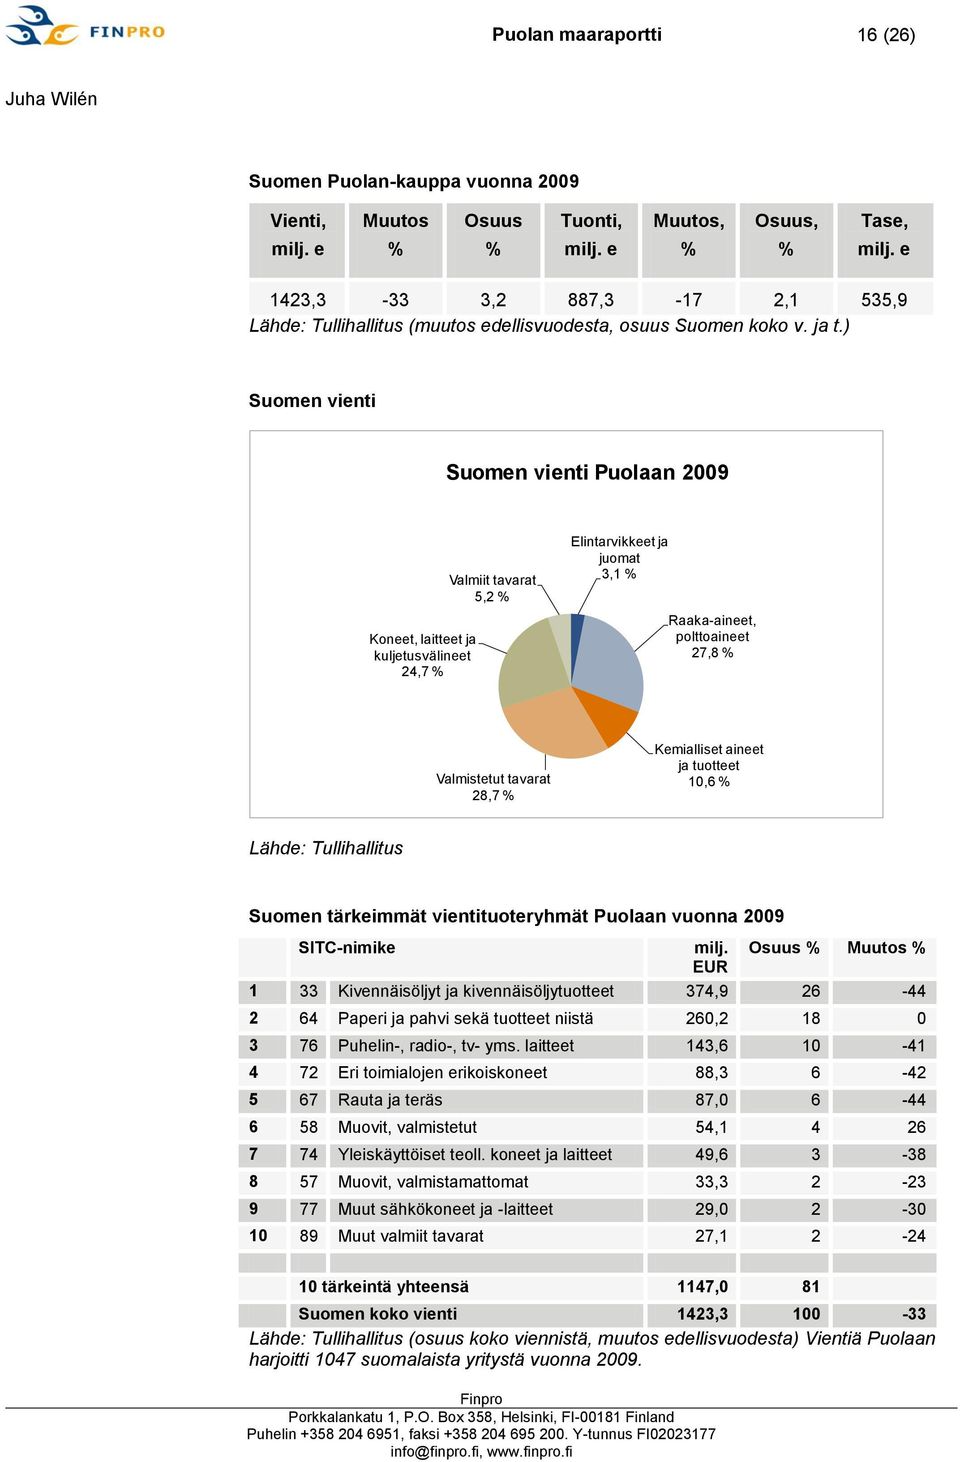 ) Suomen vienti Suomen vienti Puolaan 2009 Koneet, laitteet ja kuljetusvälineet 24,7 % Valmiit tavarat 5,2 % Elintarvikkeet ja juomat 3,1 % Raaka-aineet, polttoaineet 27,8 % Valmistetut tavarat 28,7
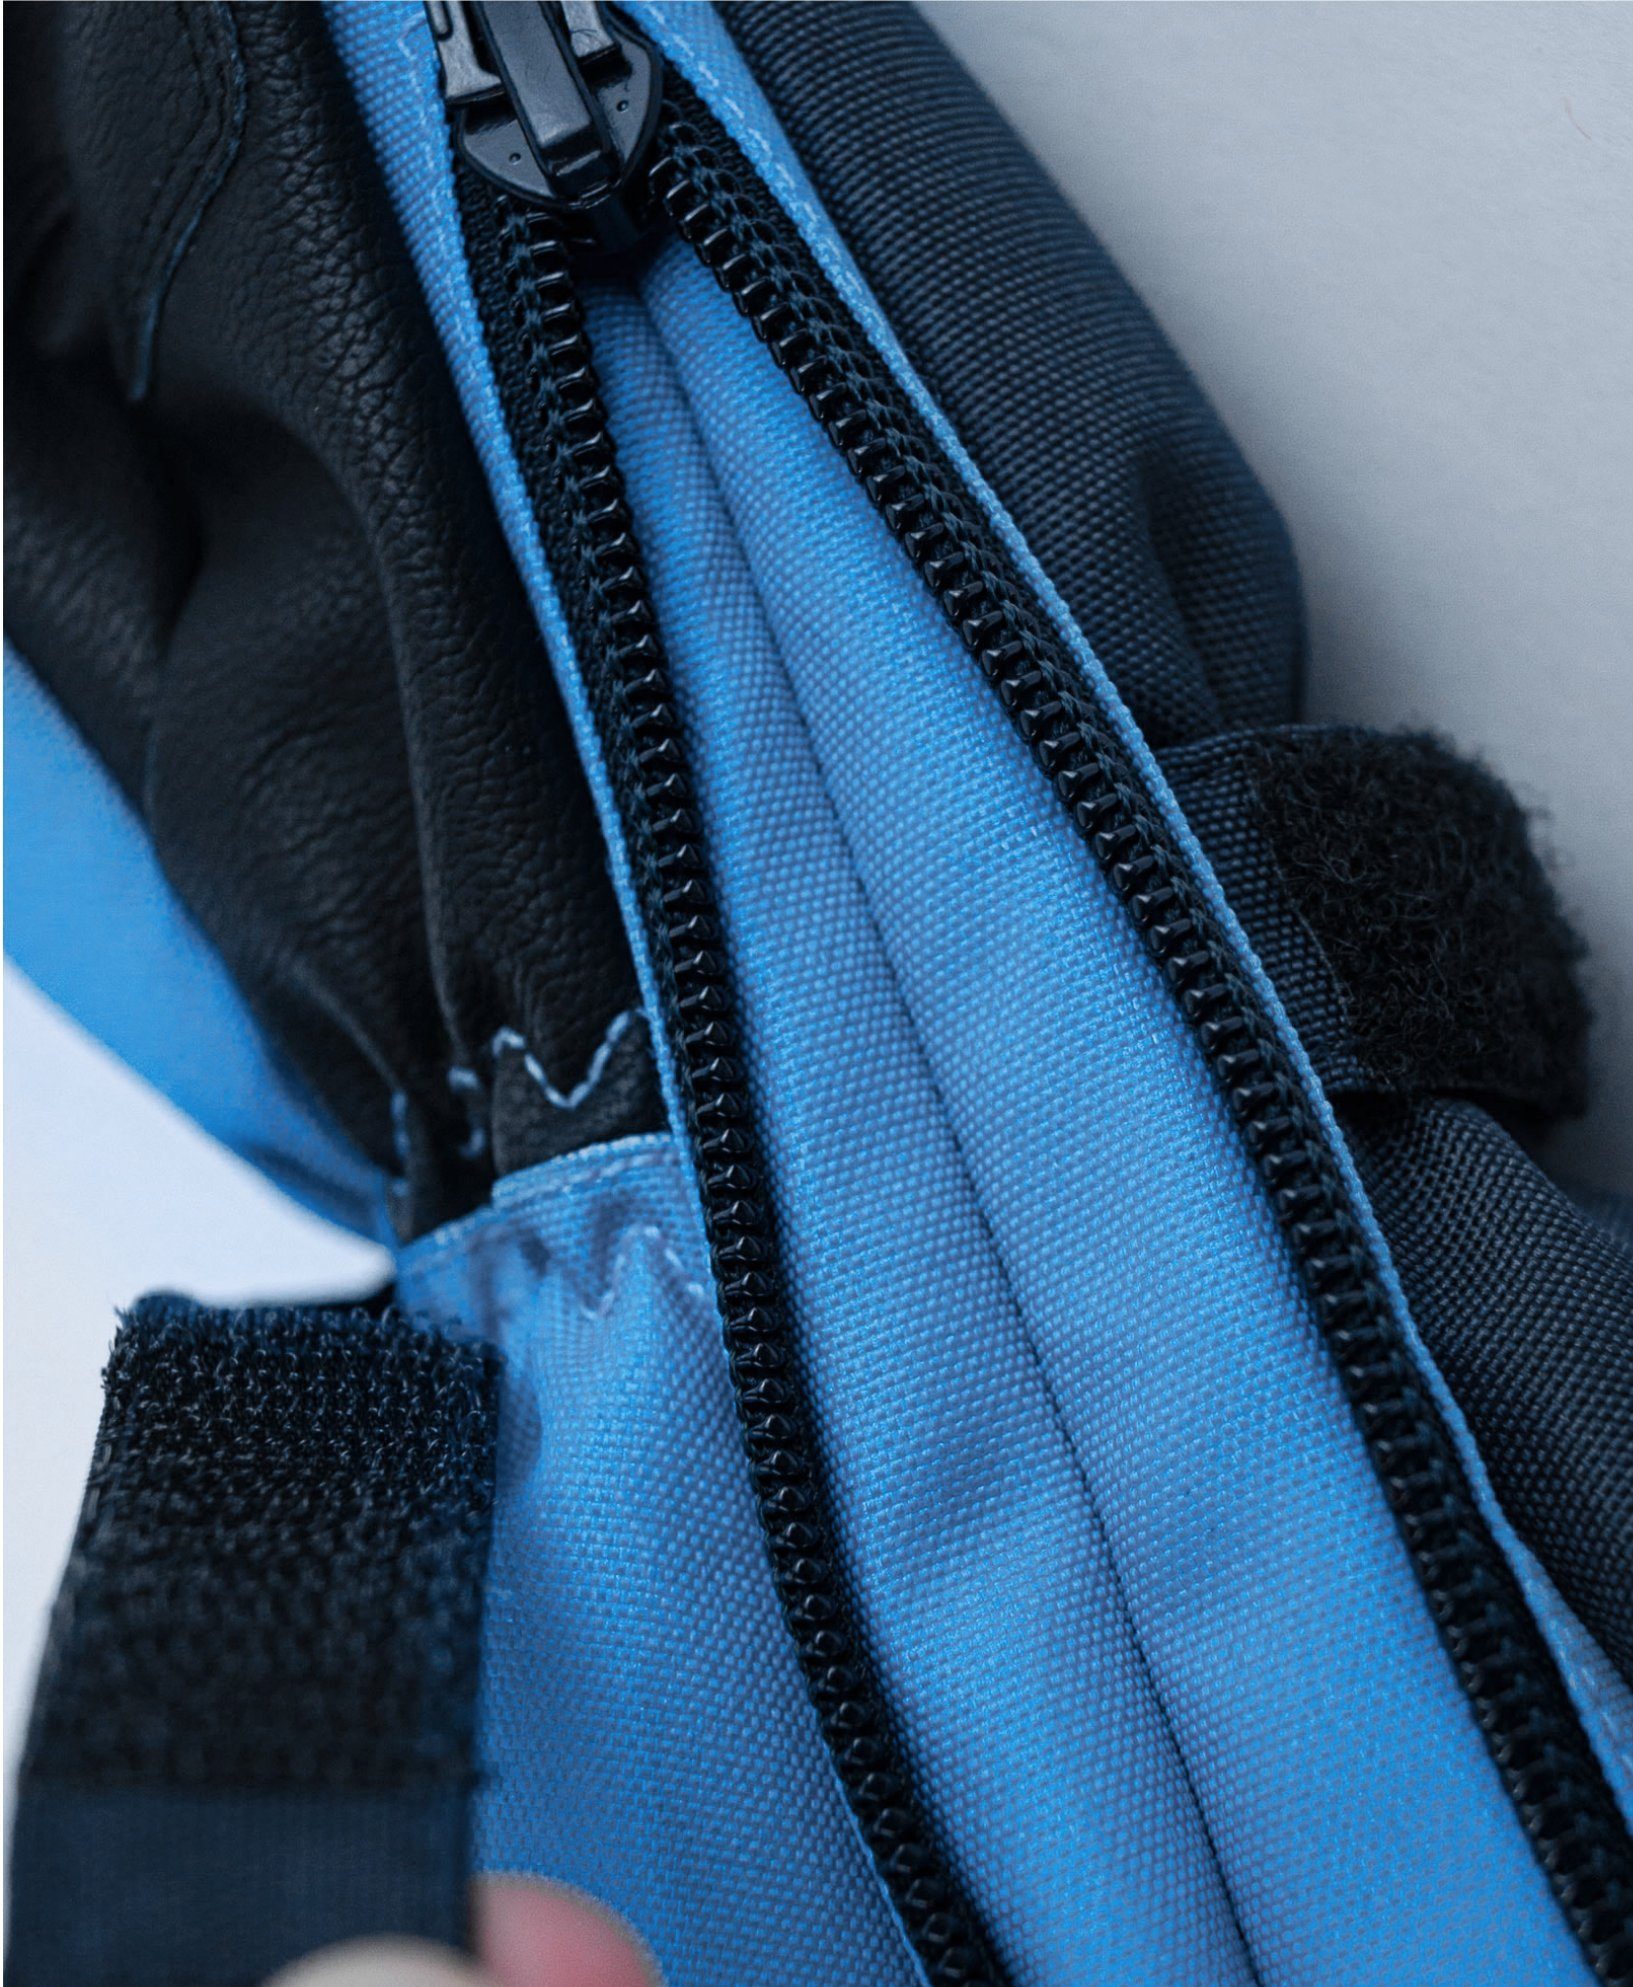 Reusch Snowboardhandschuhe Mitten 4458 blue Lucky bl brilliant / Reusch XT R-TEX® dress
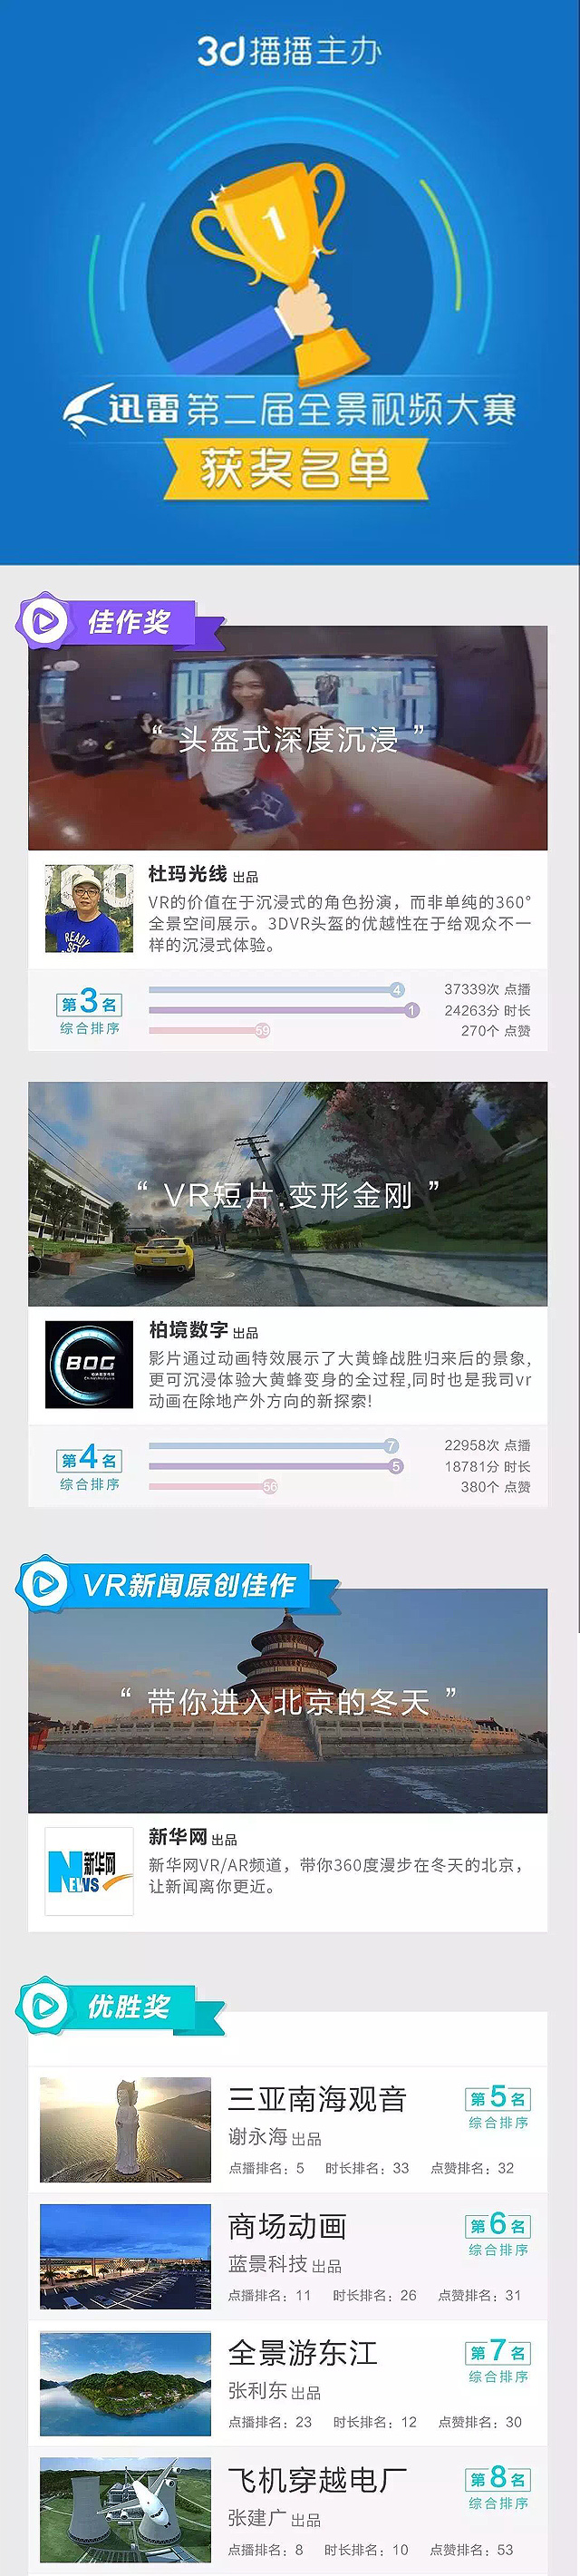 VR全景视频制作,VR动画片制作公司之柏境获奖作品

Exercise instructions: Word for word, give again the lines from the line holding "Reusch Snowboardhandschuhe Mitten" through the last line of the material, both included; pictures are not part of the copy.

Result of this task:
 Reusch Snowboardhandschuhe Mitten 4458 blue Lucky bl brilliant / Reusch XT R-TEX® dress
 VR全景视频制作,VR动画片制作公司之柏境获奖作品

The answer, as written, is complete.